● **Problem**
Everything from the line containing "Europe Stock Photo" through the line containing "Telescopic Fishing Rod" should be repeated exactly, and nothing else from the data.

● **Extracted information**
-----

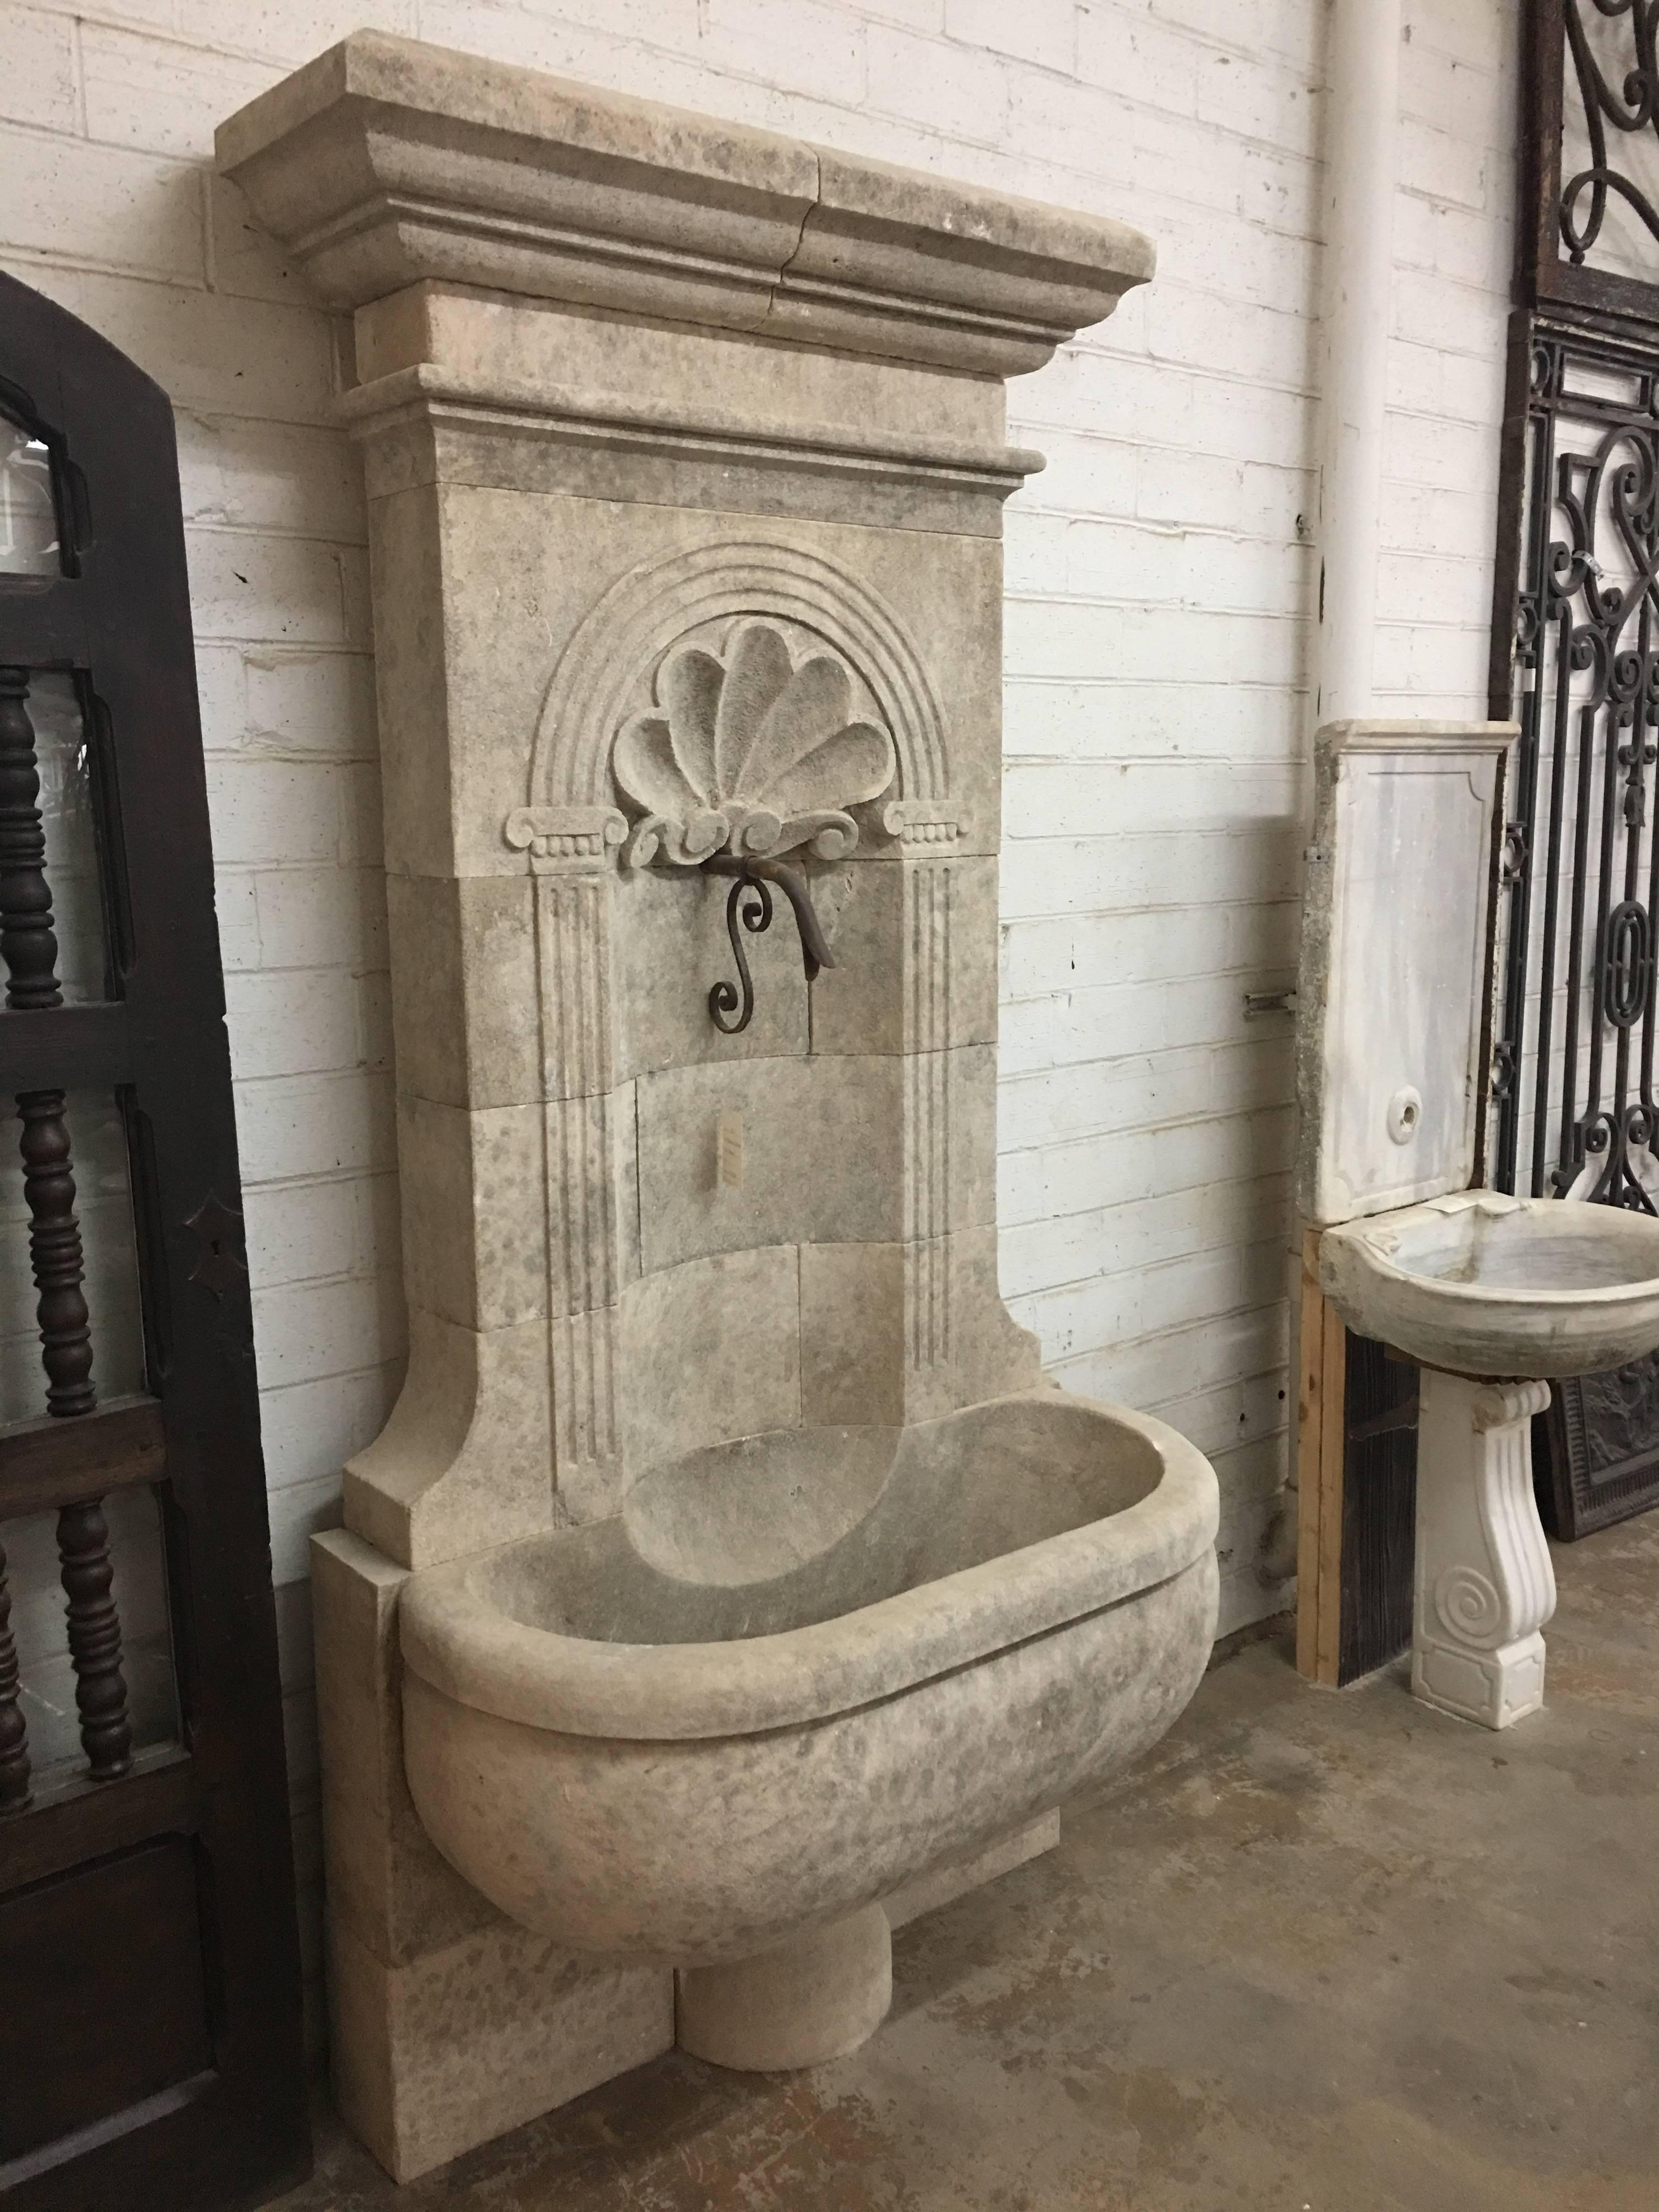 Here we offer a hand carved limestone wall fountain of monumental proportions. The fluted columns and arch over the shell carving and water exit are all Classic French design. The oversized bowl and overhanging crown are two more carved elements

-----

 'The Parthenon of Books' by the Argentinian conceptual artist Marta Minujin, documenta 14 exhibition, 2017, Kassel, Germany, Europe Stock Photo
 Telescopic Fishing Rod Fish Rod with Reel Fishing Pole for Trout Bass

-----

● **Output for this task**
 'The Parthenon of Books' by the Argentinian conceptual artist Marta Minujin, documenta 14 exhibition, 2017, Kassel, Germany, Europe Stock Photo
 Telescopic Fishing Rod Fish Rod with Reel Fishing Pole for Trout Bass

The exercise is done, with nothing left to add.